Sourcefn update(&mut self, dt: f32, ui: &mut UserInterface)
fn update(&mut self, dt: f32, ui: &mut UserInterface)
This method is called every frame and can be used to update internal variables of the widget, that can be used to animated your widget. Its main difference from other methods, is that it does not provide access to any other widget in the UI. Instead, you can only send messages to widgets to force them to change their state.
§Important notes
Due to performance reasons, you must set .with_need_update(true) in widget builder to
force library to call update method!
Sourcefn preview_message(&self, ui: &UserInterface, message: &mut UiMessage)
fn preview_message(&self, ui: &UserInterface, message: &mut UiMessage)
Used to react to a message (by producing another message) that was posted outside of current
hierarchy. In other words this method is used when you need to “peek” a message before it’ll
be passed into bubbling router. Most common use case is to catch messages from popups: popup
in 99.9% cases is a child of root canvas and it won’t receive a message from a its logical
parent during bubbling message routing. For example preview_message used in a dropdown list:
dropdown list has two separate parts - a field with selected value and a popup for all possible
options. Visual parent of the popup in this case is the root canvas, but logical parent is the
dropdown list. Because of this fact, the field won’t receive any messages from popup, to solve
this we use preview_message. This method is much more restrictive - it does not allow you to
modify a node and ui, you can either request changes by sending a message or use internal
mutability (Cell, RefCell, etc).
§Important notes
Due to performance reasons, you must set .with_preview_messages(true) in widget builder to
force library to call preview_message!
The order of execution of this method is undefined! There is no guarantee that it will be called hierarchically as widgets connected.
Sourcefn handle_os_event(
&mut self,
self_handle: Handle<UiNode>,
ui: &mut UserInterface,
event: &OsEvent,
)
fn handle_os_event( &mut self, self_handle: Handle<UiNode>, ui: &mut UserInterface, event: &OsEvent, )

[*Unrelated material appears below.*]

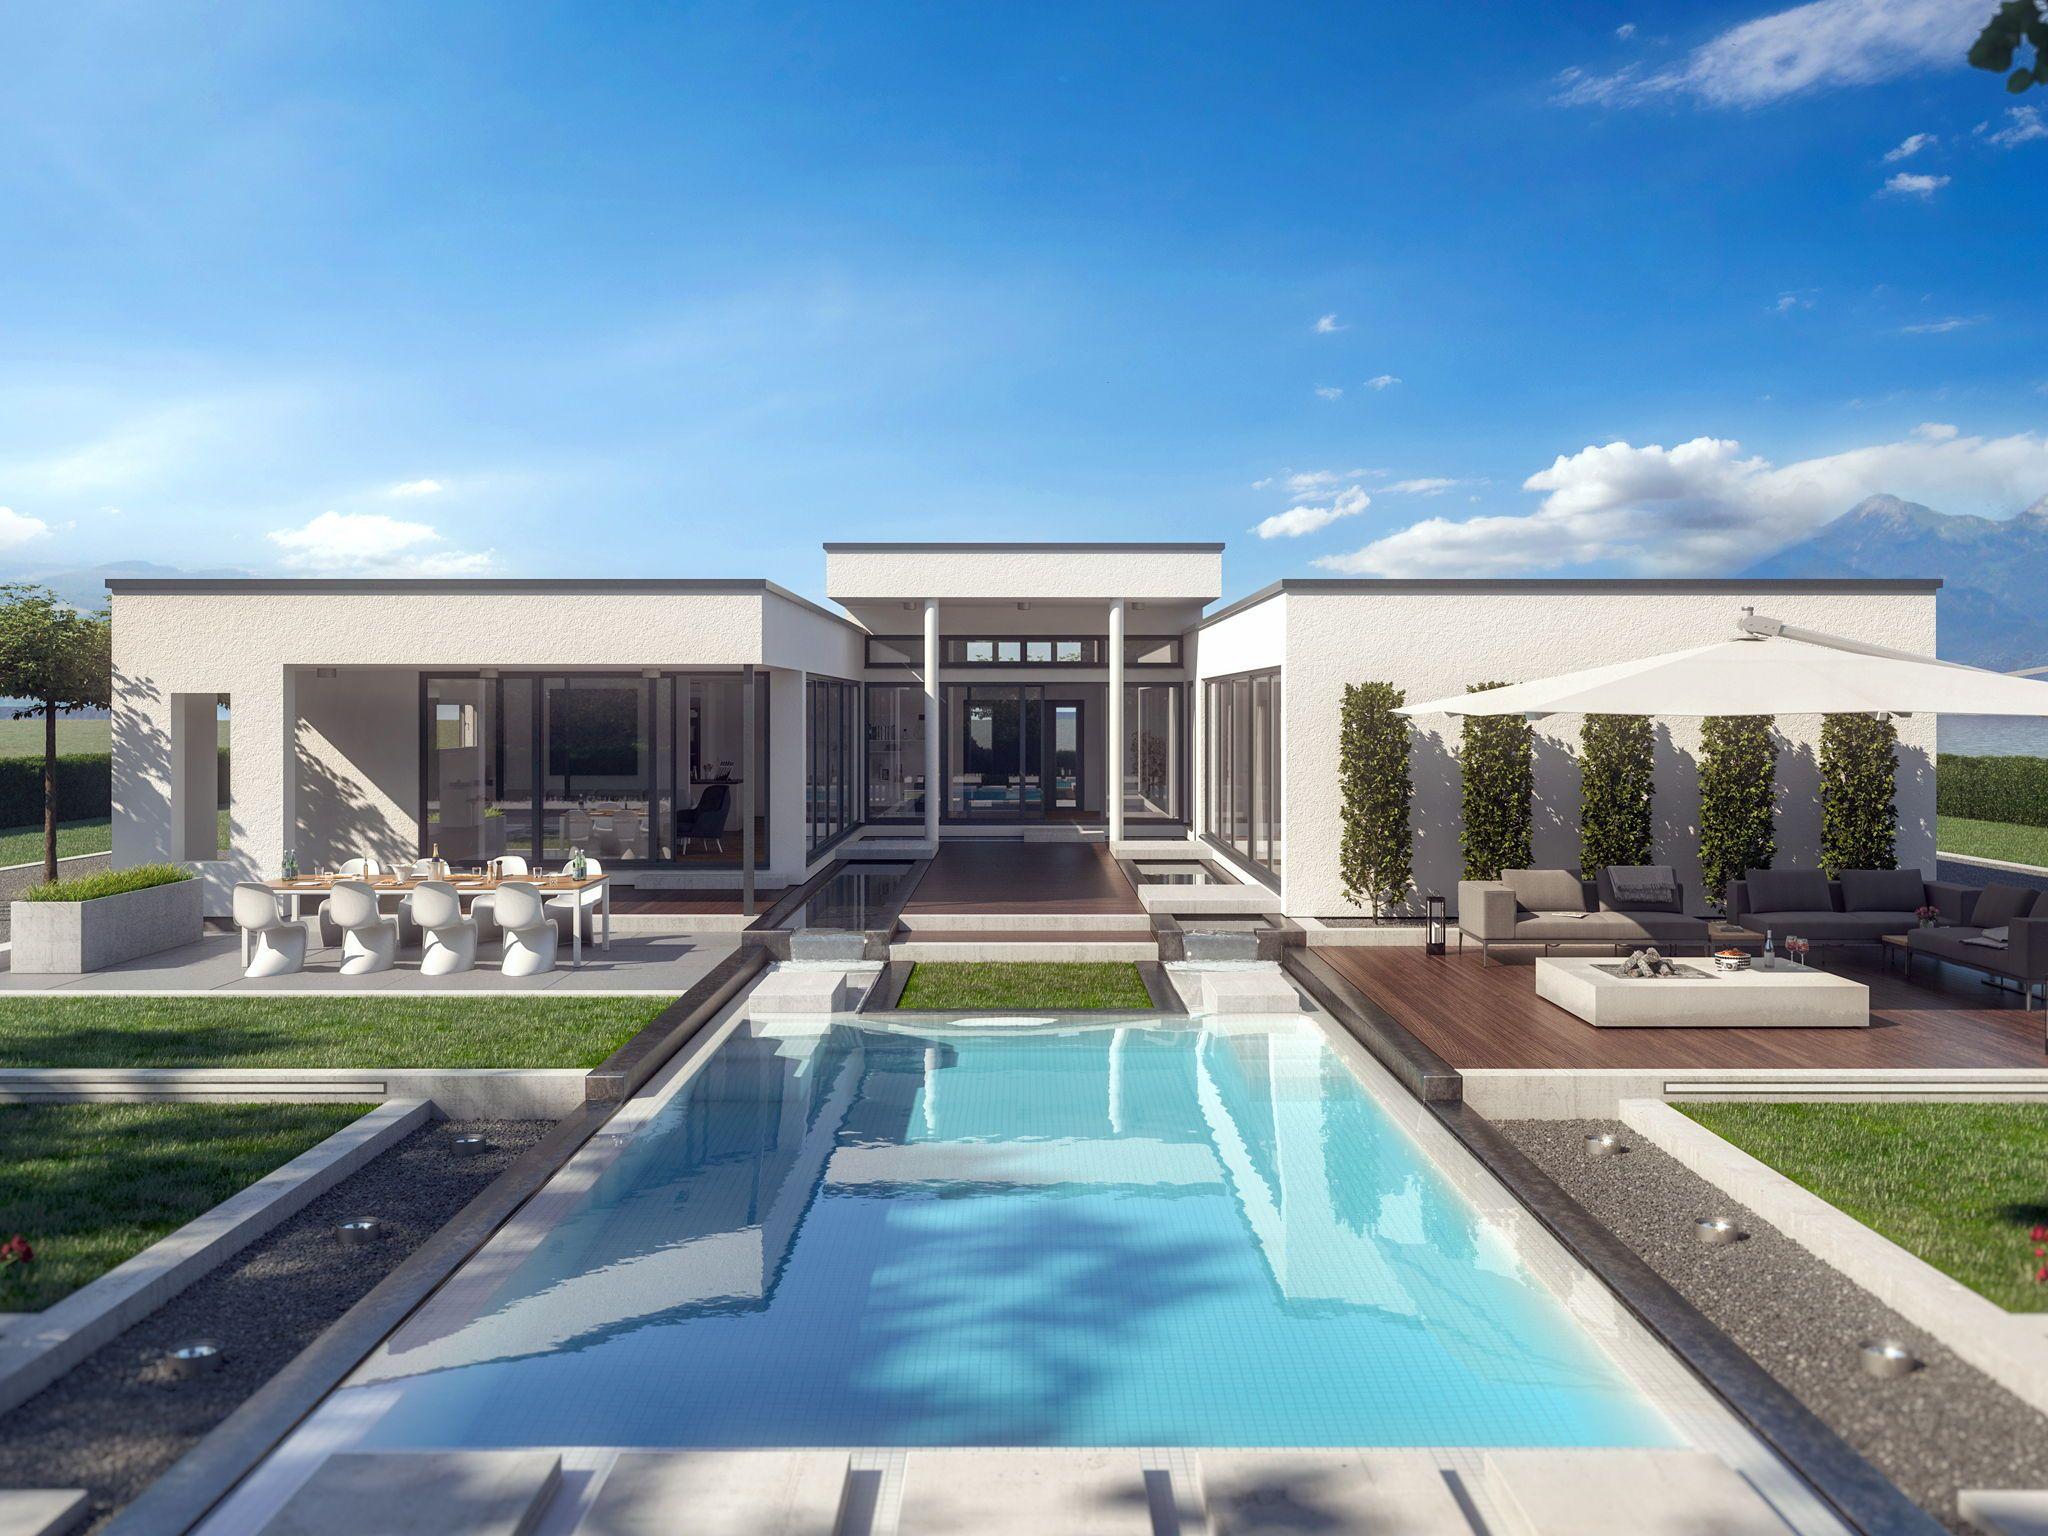 Bungalow Haus modern mit Flachdach Architektur & Innenhof

Provides a way to respond to OS specific events. Can be useful to detect if a key or mouse
button was pressed. This method significantly differs from handle_message because os events
are not dispatched - they’ll be passed to this method in any case.
§Important notes
Due to performance reasons, you must set .with_handle_os_messages(true) in widget builder to
force library to call handle_os_event!